On top of that, our brains are complicated and we're easily distracted. Separating clear commands from the noise we generate in our brains isn't easy. It takes many hours to fine-tune an interface so that the computer can distinguish between actual commands and background noise.

Programming computers to interpret the signals and translate them into commands is also complicated. So far, engineers have succeeded in creating interfaces that can respond to simple commands. There's even a system that allows people to communicate through thought developed by scientists at the University of Southampton. One subject thinks about an action such as raising his or her left arm to signify a predetermined word such as "zero." The EEG sends the signals from the subject's brain to a computer. The computer interprets the signal and encodes it as a message and sends it to a lamp. The lamp blinks in a rapid sequence. A second subject watches the sequence and an EEG measures his or her brain waves. A second computer interprets this information and decodes it to mean "zero."

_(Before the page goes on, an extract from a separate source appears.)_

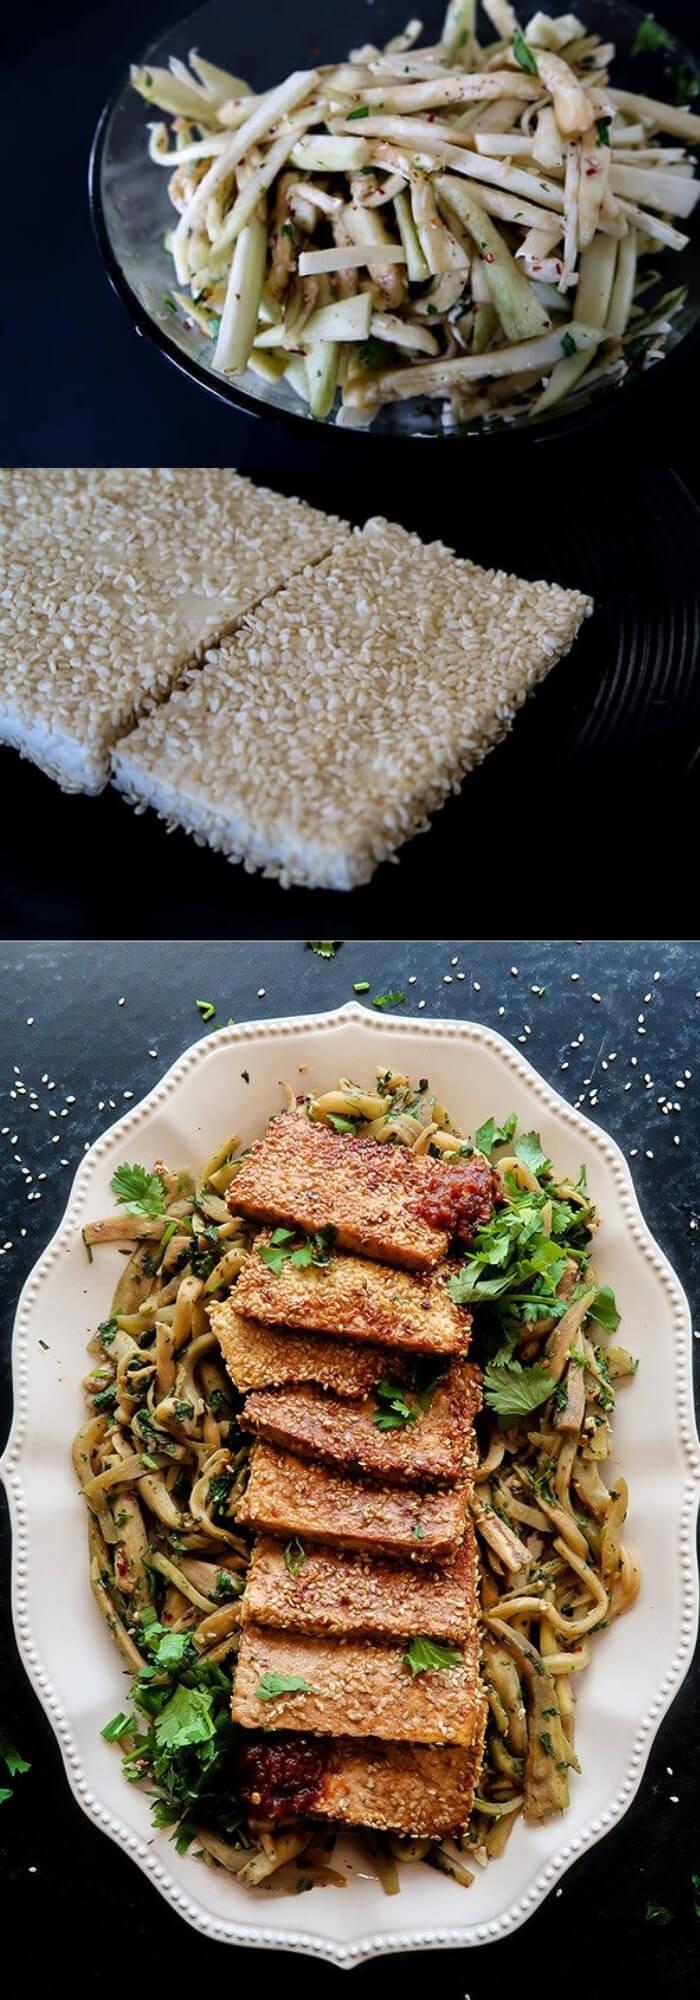 Keto Breakfast Vegetarian - Tofu and Eggplant

The big downside of that system is that while the second subject receives the message, he or she isn't able to understand it. It's only with the help of the second computer that the message can be understood. But the experiment may lead to further developments that will let us control computers and even communicate just by thinking.

Whether we end up doing the work -- physically or mentally -- or computers figure out what we want just by observing us, it's clear that the basic computer interface is evolving. Could it be that within a generation or two the keyboard and mouse combo will belong in a museum?

Learn more about computer interfaces by following the links on the next page.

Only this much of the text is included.